String compare performance

Sun Nov 28 08:22:33 PST 2010

On 11/28/2010 12:44 PM, bearophile wrote:
> Robert Jacques:
>
>> I've spent some time having fun this afternoon optimizing array-equals
>> using vectorization techniques. I found that vectorizing using ulongs
>> worked best on my system except with the shortest strings, where a simple
>> Duff's device edged it out.

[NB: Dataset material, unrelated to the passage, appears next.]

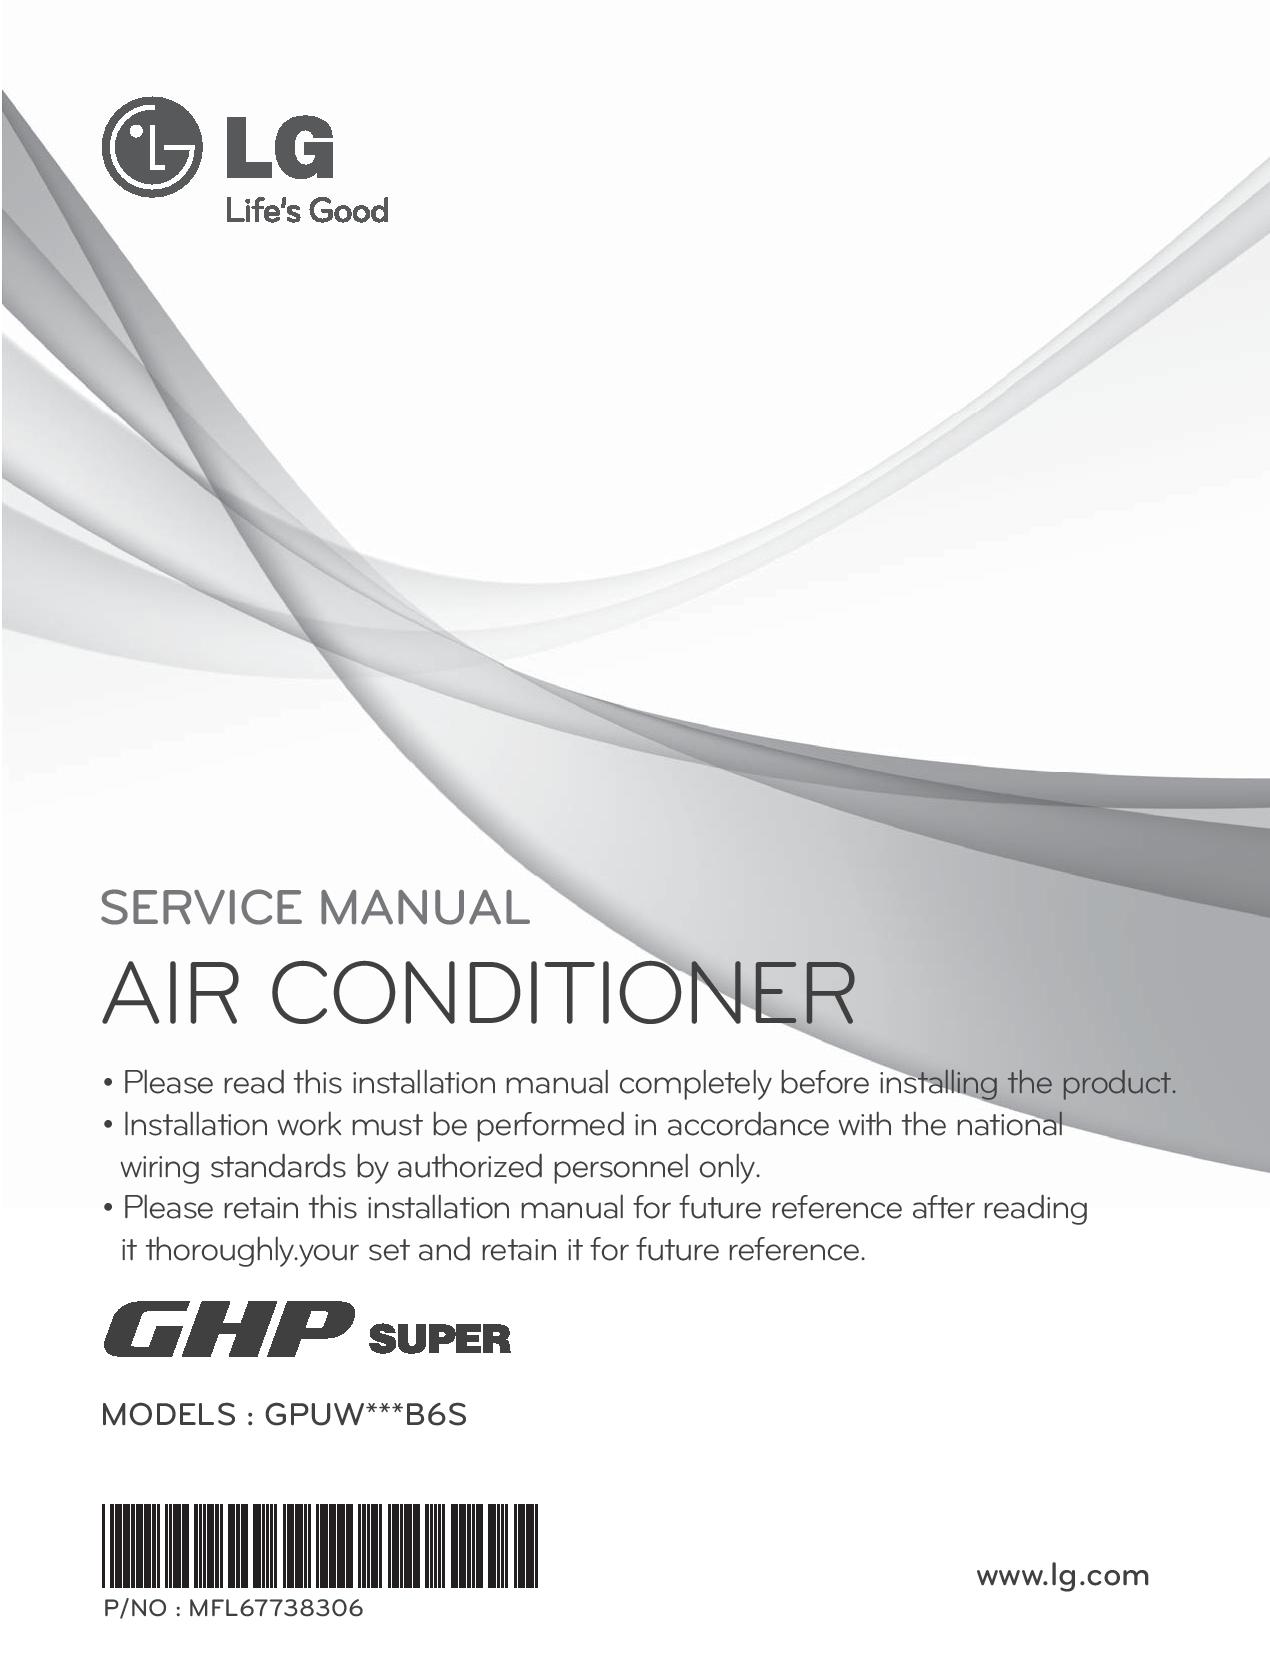 دفترچه راهنمای خدمات GHP

If you'd like to try it out on your data set:
>
> Thank you for your work :-)
> A version with your function, D version #8:
>
>
> // D version #8
> import std.file: read;
> import std.c.stdio: printf;
> import std.exception: assumeUnique;
>
> bool arrayComp(bool useBitCompare=true, T)
>                (const T[] a, const T[] b) pure nothrow {
>      if (a.length != b.length)
>          return false;
>
>      static if (useBitCompare) {
>          auto pab = cast(ubyte*)a.ptr;
>          auto pbb = cast(ubyte*)b.ptr;
>          if (pab is pbb)
>              return true;
>
>          auto byte_length = a.length * T.sizeof;
>          auto pa_end = cast(ulong*)(pab + byte_length);
>
>          final switch (byte_length % ulong.sizeof) {
>              case 7: if (*pab++ != *pbb++) return false;
>              case 6: if (*pab++ != *pbb++) return false;
>              case 5: if (*pab++ != *pbb++) return false;
>              case 4: if (*pab++ != *pbb++) return false;
>              case 3: if (*pab++ != *pbb++) return false;
>              case 2: if (*pab++ != *pbb++) return false;
>              case 1: if (*pab++ != *pbb++) return false;
>              case 0:
>          }
>
>          auto pa = cast(ulong*)pab;
>          auto pb = cast(ulong*)pbb;
>
>          while (pa<  pa_end) {
>              if (*pa++ != *pb++)
>                  return false;
>          }
>      } else { // default to a short duff's device
>          auto pa = a.ptr;
>          auto pb = b.ptr;
>          if (pa == pb)
>              return true;
>          auto n  = (a.length + 3) / 4;
>
>          final switch (a.length % 4) {
>              case 0: do { if (*pa++ != *pb++) return false;
>              case 3:      if (*pa++ != *pb++) return false;
>              case 2:      if (*pa++ != *pb++) return false;
>              case 1:      if (*pa++ != *pb++) return false;
>                         } while (--n>  0);
>          }
>      }
>
>      return true;
> }
>
> int test(string data) {
>      int count;
>      foreach (i; 0 ..  data.length - 3) {
>          auto codon = data[i .. i + 3];
>          if (arrayComp(codon, "TAG") || arrayComp(codon, "TGA") || arrayComp(codon, "TAA"))
>              count++;
>      }
>      return count;
> }
>
> void main() {
>      char[] data0 = cast(char[])read("data.txt");
>      int n = 300;
>      char[] data = new char[data0.length * n];
>      for (size_t pos; pos<  data.length; pos += data0.length)
>          data[pos .. pos+data0.length] = data0;
>      string sdata = assumeUnique(data);
>
>      printf("%d\n", test(sdata));
> }
>
>
> Timings, dmd compiler, best of 4, seconds:
>    D #1: 5.72
>    D #4: 1.84
>    D #5: 1.73
>    Psy:  1.59
>    D #8: 1.51
>    D #7: 0.56 (like #6 without length comparisons)
>    D #2: 0.55
>    D #6: 0.47
>    D #3: 0.34
>
>
> Your function can't be inlined because it's big, so this code isn't faster than inlined code like this generated by the compiler:
> (codon.length == 3&&  codon[0] == 'T'&&  codon[1] == 'A'&&  codon[2] == 'G')
>
> Bye,
> bearophile

I don't have your data set, but for me using random data this was within 
a factor 2 of your #3, without any fiddly code.

int test(string data) {
     int count;
     while (true) {
         data = data.find("TAG", "TGA", "TAA")[0];

         if (data.empty) return count;

         count += 1;
         data.popFront;
     }
}

Also, this one is far easier to generalize for strings of different 
lengths, and such :-)